Information provided —
______
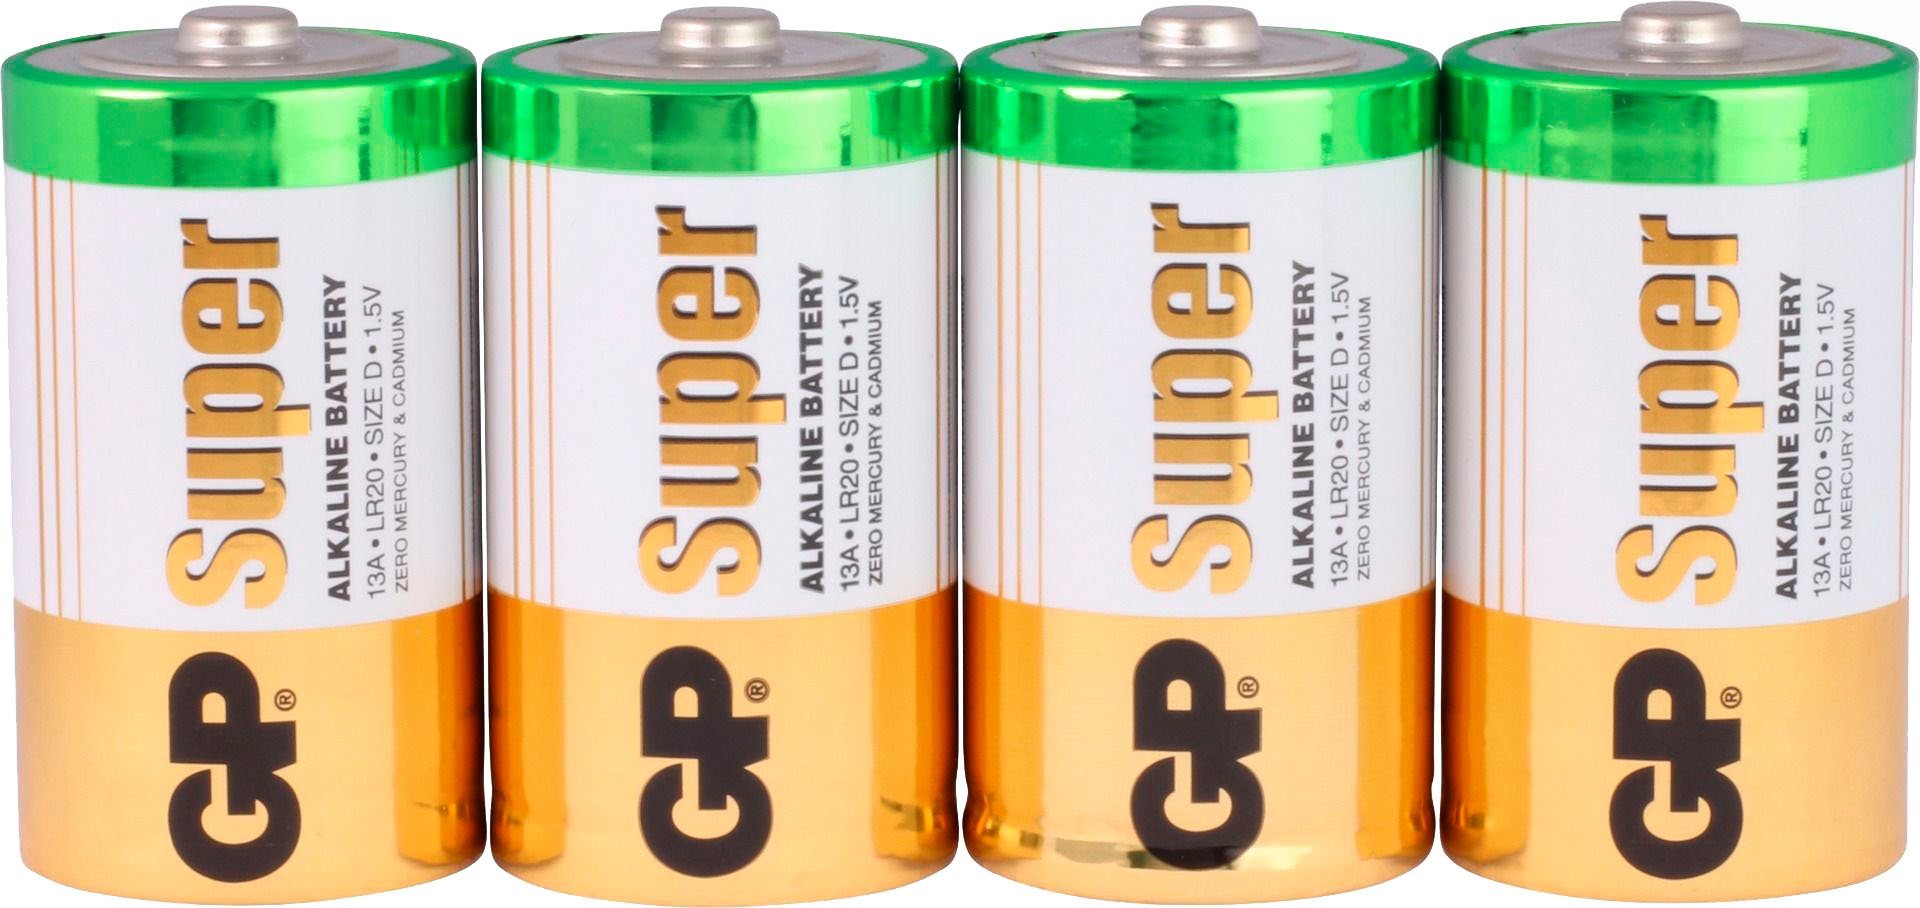 Batteries 4 Alkaline LR20 Super (1,5 GP Batterie, D V, St)
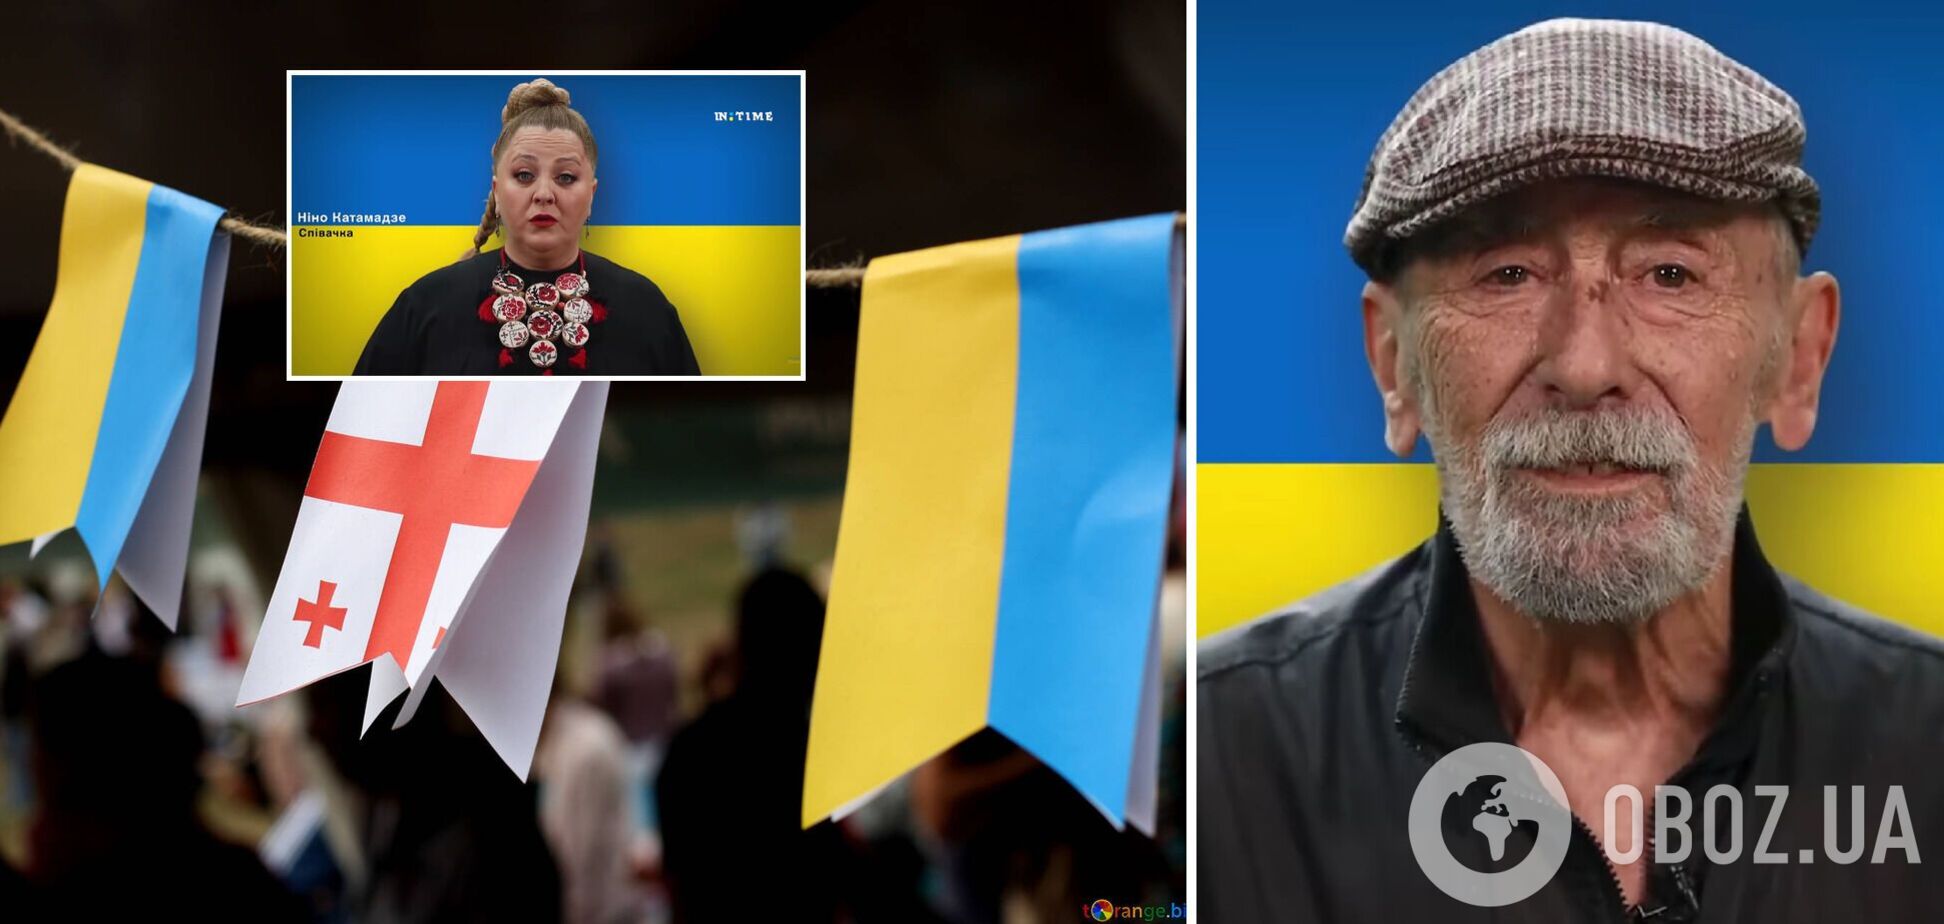 Ваша перемога – це і наша перемога: відомі грузинські діячі записали потужне відео на підтримку України
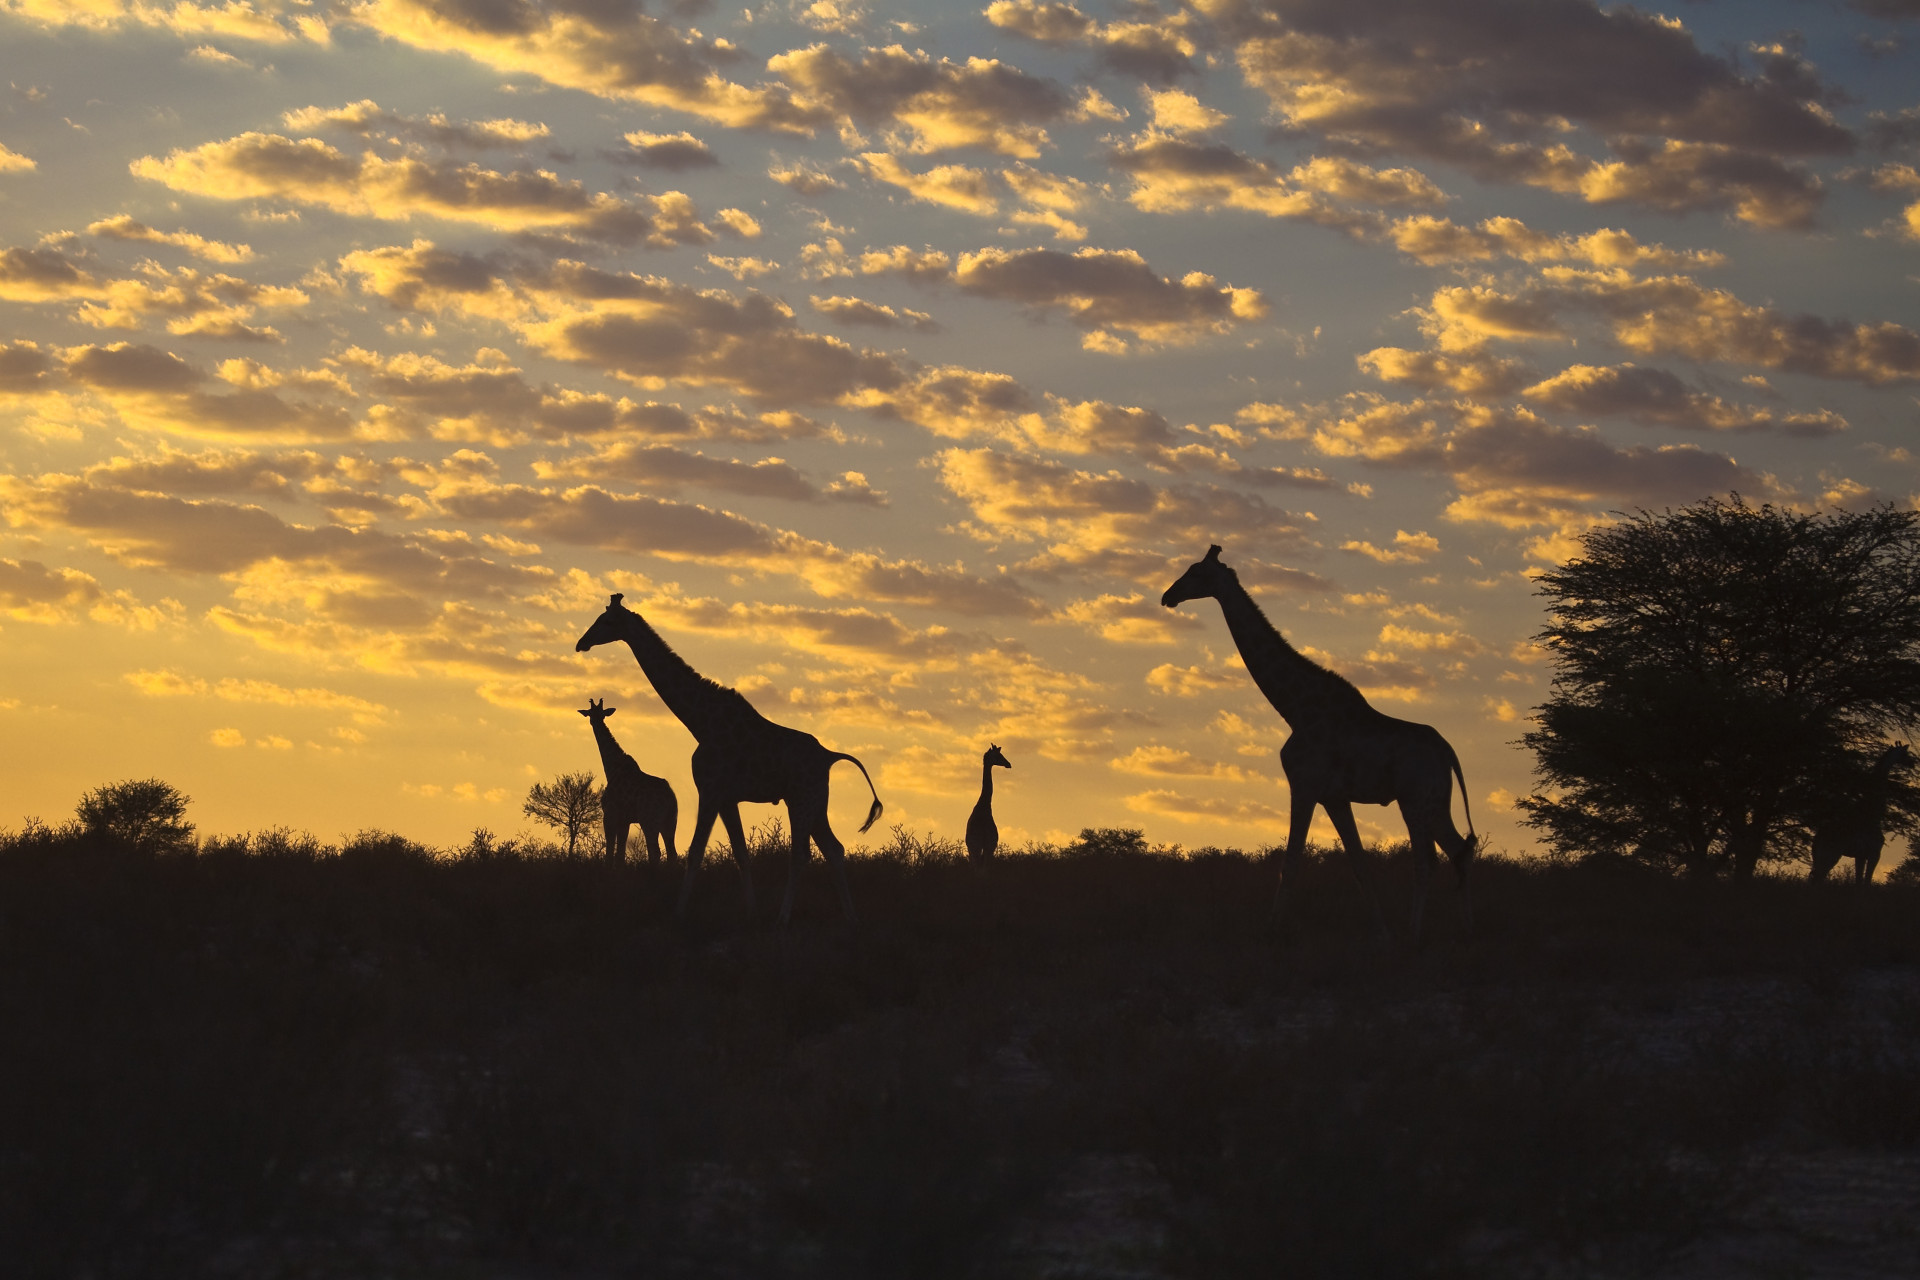 La grande réserve naturelle et zone de conservation de la faune a été fondée en 1931 et chevauche la frontière entre l’Afrique du Sud et le Botswana. Le parc abrite une faune riche et diversifiée, couvrant une superficie de 38 000 km 2 (14 672 km 2).<p><a href="https://www.msn.com/fr-fr/community/channel/vid-7xx8mnucu55yw63we9va2gwr7uihbxwc68fxqp25x6tg4ftibpra?cvid=94631541bc0f4f89bfd59158d696ad7e">Suivez-nous et accédez tous les jours à du contenu exclusif</a></p>
______
Work order — Your task is an exact transcription of all the data, minus the pictures.

Exercise output —
 Batteries 4 Alkaline LR20 Super (1,5 GP Batterie, D V, St)
 Ваша перемога – це і наша перемога: відомі грузинські діячі записали потужне відео на підтримку України
 La grande réserve naturelle et zone de conservation de la faune a été fondée en 1931 et chevauche la frontière entre l’Afrique du Sud et le Botswana. Le parc abrite une faune riche et diversifiée, couvrant une superficie de 38 000 km 2 (14 672 km 2).<p><a href="https://www.msn.com/fr-fr/community/channel/vid-7xx8mnucu55yw63we9va2gwr7uihbxwc68fxqp25x6tg4ftibpra?cvid=94631541bc0f4f89bfd59158d696ad7e">Suivez-nous et accédez tous les jours à du contenu exclusif</a></p>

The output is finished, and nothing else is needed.